# Looking for suggestions on screen, projector, sound



## drewwoock (Nov 24, 2013)

Hello everyone, I am looking to put in a home theater and have done some research on projectors and sound systems but don’t feel like I am getting anywhere or getting closer to making a decision on which projector, screen, and sound system to go with. The room is about 600 sq ft and the distance between the wall that the screen will be on and the wall where I have my theater seats is 19 ft which gives me about a 16 ft viewing distance. The walls are a light tan. I will be using my home theater for watching sports and movies and for video games. I am thinking a 120 inch fixed screen would be a good size but unsure what brand to go with and how much difference there is between the more expensive and cheaper screens. As far as projectors I have only seen one in action so far, it was the Optoma LV-25. I was impressed with it but would be willing to spend more if spending more would get me something noticeably better, I am willing to spend $1000-$2500. I am unsure if I want to use a ceiling or wall mount or put the projector on a shelf behind the chairs. As far as sound systems, I am thinking a 5.1 system and would like to get a complete set. I was thinking I would need tower speakers in the front due to the size of the room but am willing to do in wall as well, what ever is better. I am willing to spend up to $2,000 on sound. If anyone has any opinions or suggestions on what projector, screen, and sound system to buy I would appreciate it. Thanks, Drew


----------



## dougc (Dec 19, 2009)

120 would be a good size. Jamestown has some affordable screens that have good reviews. Each one is made when you order it, so shipping times are slow. The front left and right speakers are where most allocate the larger part of the budget, and usually including the center channel. You should try and have these the same brand, same line to match. The side and rear surrounds can be much smaller and more of a budget buy since they give the accent sound. The subwoofer is a key part, and your size area would probably need two for much affect. Are you willing to DIY any of the speakers? Even buying a kit for the subs would stretch you budget a little further.


----------



## RTS100x5 (Sep 12, 2009)

I have a great suggestion on screens... A Co. out of Houston called SCREEN INNOVATIONS... Their website can help you order what you need and they have excellent customer service

http://www.screeninnovations.com/

The PERFORMANCE FIXED screen should be in your budget and comes with a lifetime screen replacement....

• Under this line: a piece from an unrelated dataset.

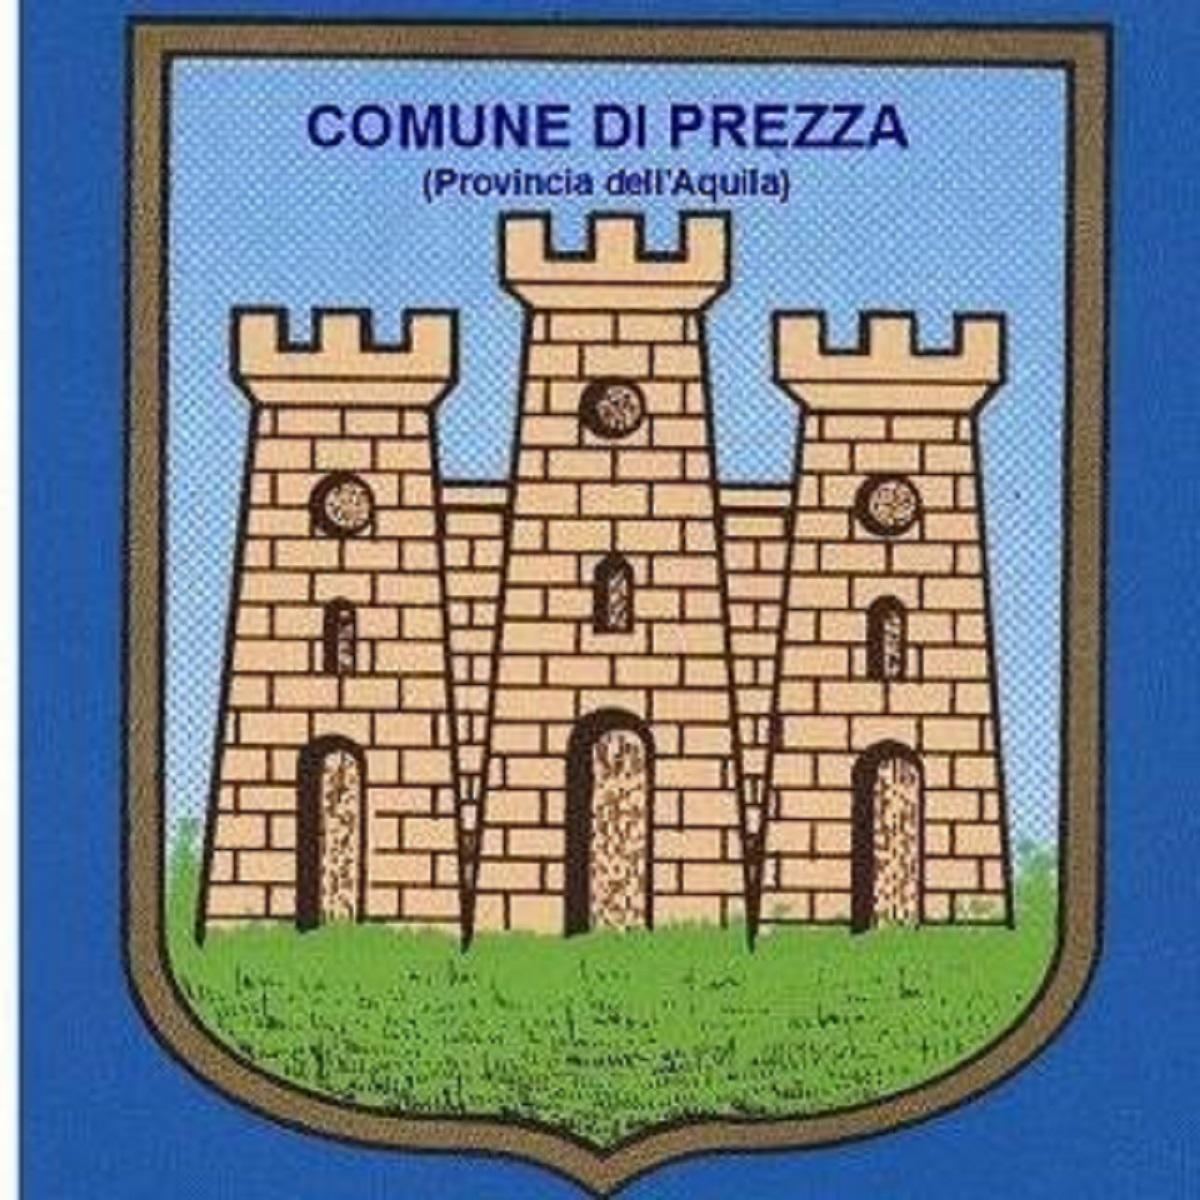 Prezza Convocato Consiglio Comunale 31 maggio 2021 foto

IS your room pre wired for speakers ??


You'll obviously need some other incidentals like long HDMI cable to the projector and others but Here are some suggestions for audio and projector

http://www.amazon.com/gp/product/B00CAAQHBE/ref=s9_simh_gw_p23_d1_i4?pf_rd_m=ATVPDKIKX0DER&pf_rd_s=center-5&pf_rd_r=1K6YRS9D0SJM8FAS2KW7&pf_rd_t=101&pf_rd_p=1630083442&pf_rd_i=507846

http://www.amazon.com/gp/product/B0054N9RQQ/ref=s9_simh_gw_p23_d1_i1?pf_rd_m=ATVPDKIKX0DER&pf_rd_s=center-5&pf_rd_r=1K6YRS9D0SJM8FAS2KW7&pf_rd_t=101&pf_rd_p=1630083442&pf_rd_i=507846

http://www.amazon.com/Fluance-Surro...=sr_1_18?s=aht&ie=UTF8&qid=1385302587&sr=1-18

http://www.amazon.com/Fluance-Fidelity-Surround-Theater-Subwoofer/dp/B007HOQTS4/ref=sr_1_10?s=aht&ie=UTF8&qid=1385303286&sr=1-10&keywords=fluance

http://www.amazon.com/Sony-BDP-S1100-Blu-ray-Disc-Player/dp/B00AWX6EYQ/ref=lp_352697011_1_6?s=tv&ie=UTF8&qid=1385302879&sr=1-6

http://www.amazon.com/Epson-5020UB-Cinema-1080p-Projector/dp/B00AFU80HA/ref=sr_1_21?s=pc&ie=UTF8&qid=1385302981&sr=1-21&keywords=Home+Theater

http://www.amazon.com/BenQ-SH940-Brightness-1080p-Projector/dp/B00APL85JM/ref=sr_1_9?s=pc&ie=UTF8&qid=1385304052&sr=1-9

http://www.amazon.com/Peerless-PRGUNV-Precision-Universal-Projector/dp/B000TXNS6G/ref=sr_1_4?s=electronics&ie=UTF8&qid=1385304236&sr=1-4&keywords=projector+mounts


----------



## drewwoock (Nov 24, 2013)

Thanks for the help! My house was not pre-wired but I have easy access to all walls so I am planning on doing everything myself. How big is the difference between a projector like the Epson 5020UB for 2500 and the optoma LV-25 which is 1200? (I realize that is a hard question to answer, I wish I could see both in action or next to each other) It looks like the contrast ratio for the Epson is a lot greater than the optoma, 20,000:1 vs 320,000. Is that where the money is at? I think they have about the same number of lumens. Thanks again, Drew


----------



## RTS100x5 (Sep 12, 2009)

EPSON is LCD technology
OPTOMA is DLP

Epson has LENS SHIFTING 
Optoma no lens shifting

Epson has 2D to 3D conversion
Optoma does not

Epson comes with 1 pair of 3D glasses 
Optoma None

OPINION - The Epson would be a no brainer :T


----------